◈ API / SDK/2026-06-26Advanced

Reliable Text-in-Image with Gemini 3.1 Flash Image — an OCR-Verified Pipeline

After the preview shutdown, the GA gemini-3.1-flash-image still occasionally garbles text baked into images. Here is a generate -> read-back-verify -> regenerate/composite pipeline, with working code and an unattended retry budget.

gemini⁸⁹ gemini-api²⁴⁹ image-generation⁸ nano-banana³ ocr indie-dev³⁸

✦ Premium Article

When you automate image generation as an indie developer — banners for a wallpaper app, OGP thumbnails for a blog — you eventually hit a quietly maddening wall. The composition looks great, but the Japanese line you wanted baked into the image, something like "Free this week," comes out subtly wrong. One character swapped for a similar one, a diacritic dropped, the second line illegible. You don't notice at a glance; you notice when you zoom in.

On June 25, 2026 the preview models gemini-3.1-flash-image-preview and gemini-3-pro-image-preview were shut down, and the GA versions gemini-3.1-flash-image (Flash Image) and gemini-3-pro-image (Pro Image) took their place. Text rendering keeps getting better with each generation. Even so, in an unattended setup — spin it up, publish whatever comes out — the occasional garble is guaranteed to become an incident. I spent a while eyeballing that one bad frame by hand, which defeated half the point of automating.

What I landed on is a two-stage approach: don't trust the output, read the image back with a model to confirm the characters, and if it fails, either regenerate or switch to compositing. This article records that verification-gated pipeline, thresholds and retry design included.

After the shutdown: which model should draw the text

First, pick the model that draws. The two GA options trade text accuracy against speed and cost differently. Here is my rough feel for my use case (a few short Japanese characters on wallpaper-app announcement banners and blog OGP images).

Aspect	gemini-3.1-flash-image (Flash Image)	gemini-3-pro-image (Pro Image)
Accuracy of short Japanese text	Production-usable; stable up to a few lines	Higher; holds up on multi-line, smaller text
Speed per image	Fast (seconds)	Somewhat slower
Approx. cost per image	Low	A few times Flash
Video-to-image	Supported (gemini-3.1-flash-image only)	Not supported
Workhorse for unattended bulk runs	Make this the default	Reserve for regeneration on failure

Personally, defaulting to Flash Image and only promoting an image to Pro Image after it fails verification twice in a row gave me the best cost-effectiveness. Running every image through Pro Image from the start reduces garbling but inflates cost to several times Flash, which undercuts the point of unattended runs. I think the realistic way to win on text accuracy is "promote only the suspicious ones," not "use the premium model for everything."
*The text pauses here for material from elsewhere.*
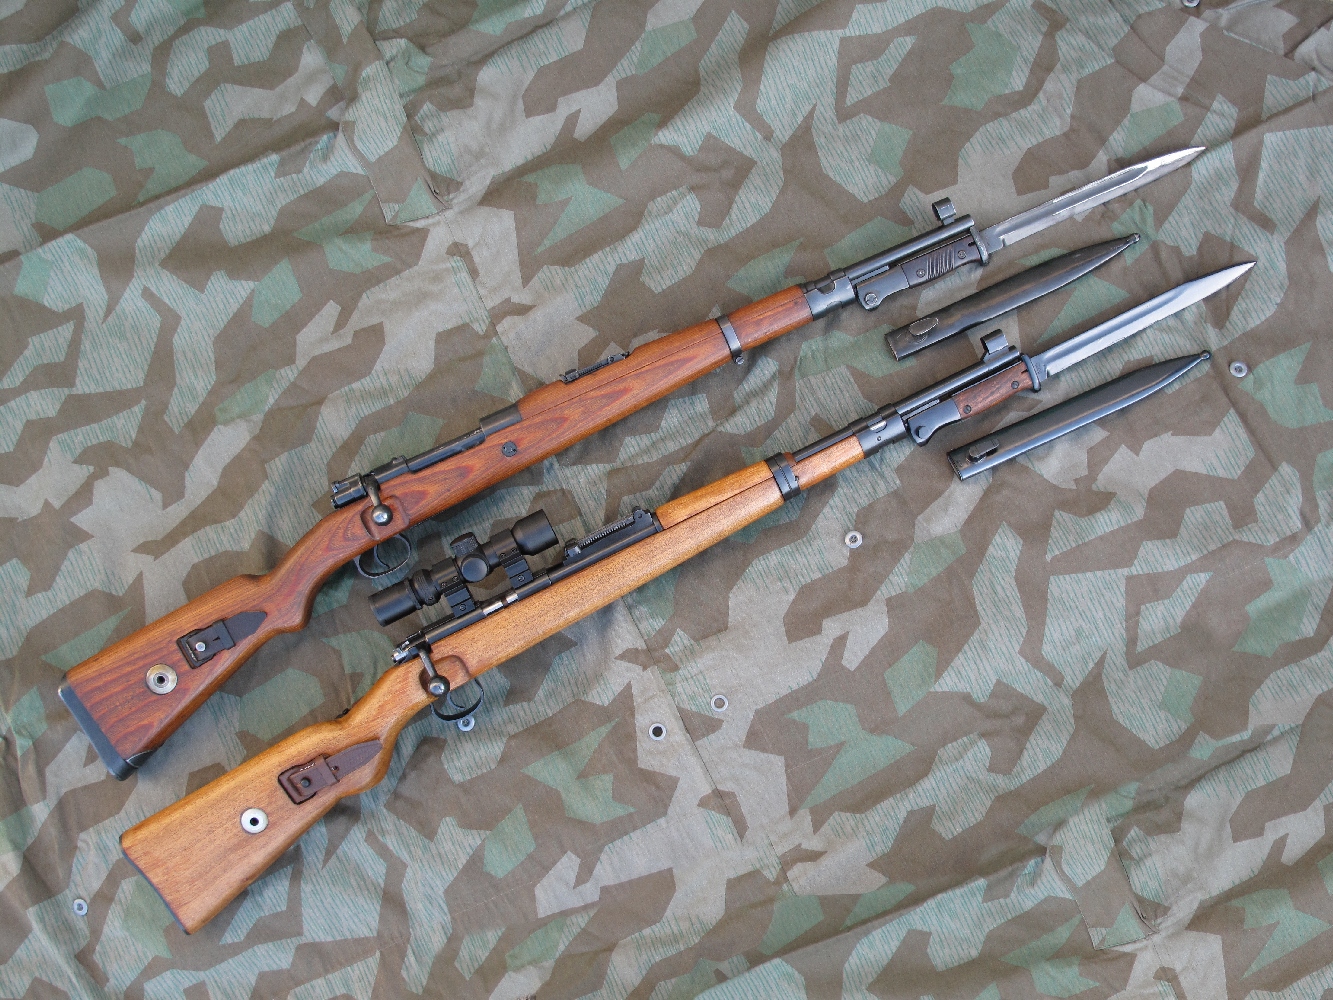 Comparaison entre un authentique mousqueton Gewehr 33/40 « Gebirgsjäger » daté de 1942 et une carabine Norinco JW-25A (au-dessous) sur laquelle ont été installées une bretelle (copie) et une baïonnette (copie fabriquée en Inde). Ces deux armes nous ont été confiées par la société AAS (www.aassniper98.com).

How to prompt the model to actually draw the text

The first lever for text-in-image is how you prompt. Three rules I keep:

Pass the target string as text to copy verbatim

Don't bury it inside a description; hand over the exact characters as an unchangeable quote. A vague "a title that feels like ~" leaves room for paraphrasing and mis-conversion.
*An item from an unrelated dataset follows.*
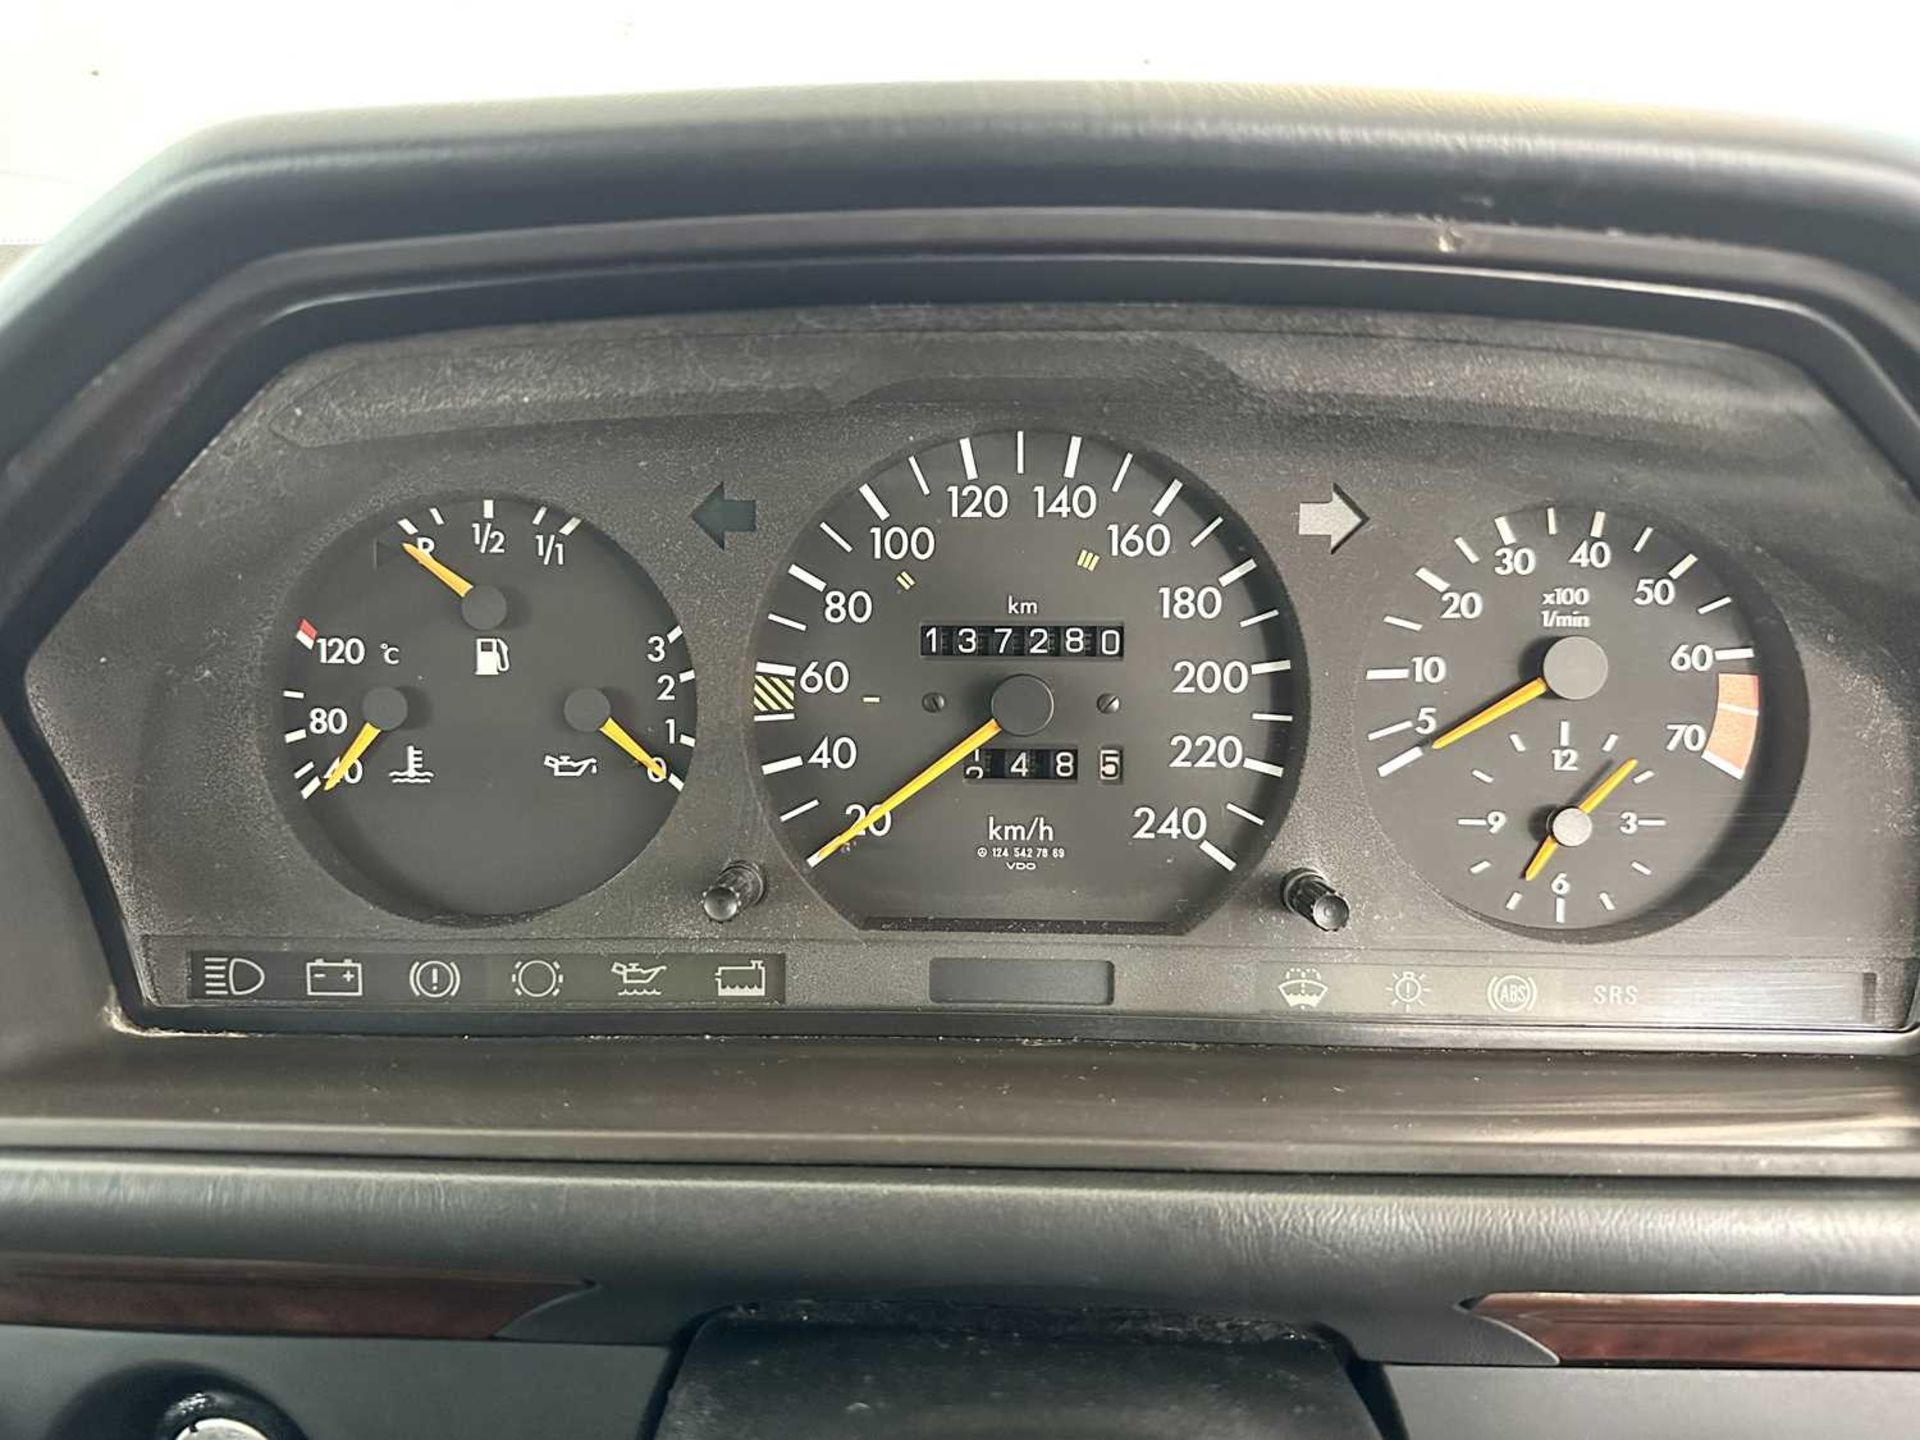 1993 Mercedes-Benz 200E - Image 31 of 32

Pin character count, line count, and placement with numbers

Instead of "large in the center," constrain layout numerically: "one line at 25% from the top, max 8 characters." Long or multi-line text raises the failure rate on its own, so keep the text payload short.

from google import genai
from google.genai import types
 
client = genai.Client(api_key="YOUR_GEMINI_API_KEY")
 
MODEL_FAST = "gemini-3.1-flash-image"
MODEL_STRONG = "gemini-3-pro-image"
 
def build_prompt(headline: str) -> str:
    # Pass the desired characters as a verbatim, do-not-alter constraint
    return (
        "Generate a simple vertical (9:16) announcement banner image.\n"
        "Calm indigo background with a soft washi-paper texture.\n"
        f"At 25% from the top, draw EXACTLY these characters, one horizontal line, large: '{headline}'\n"
        "- Max 10 characters. Avoid decorative fonts; high-legibility gothic.\n"
        "- Draw NO other characters, no alphanumerics, no logo, no signature.\n"
        "- Do not omit diacritics or small kana."
    )
 
def generate_image(model: str, headline: str) -> bytes:
    resp = client.models.generate_content(
        model=model,
        contents=build_prompt(headline),
        config=types.GenerateContentConfig(response_modalities=["Image"]),
    )
    for part in resp.candidates[0].content.parts:
        if part.inline_data and part.inline_data.mime_type.startswith("image/"):
            return part.inline_data.data  # PNG bytes
    raise RuntimeError("No image part returned")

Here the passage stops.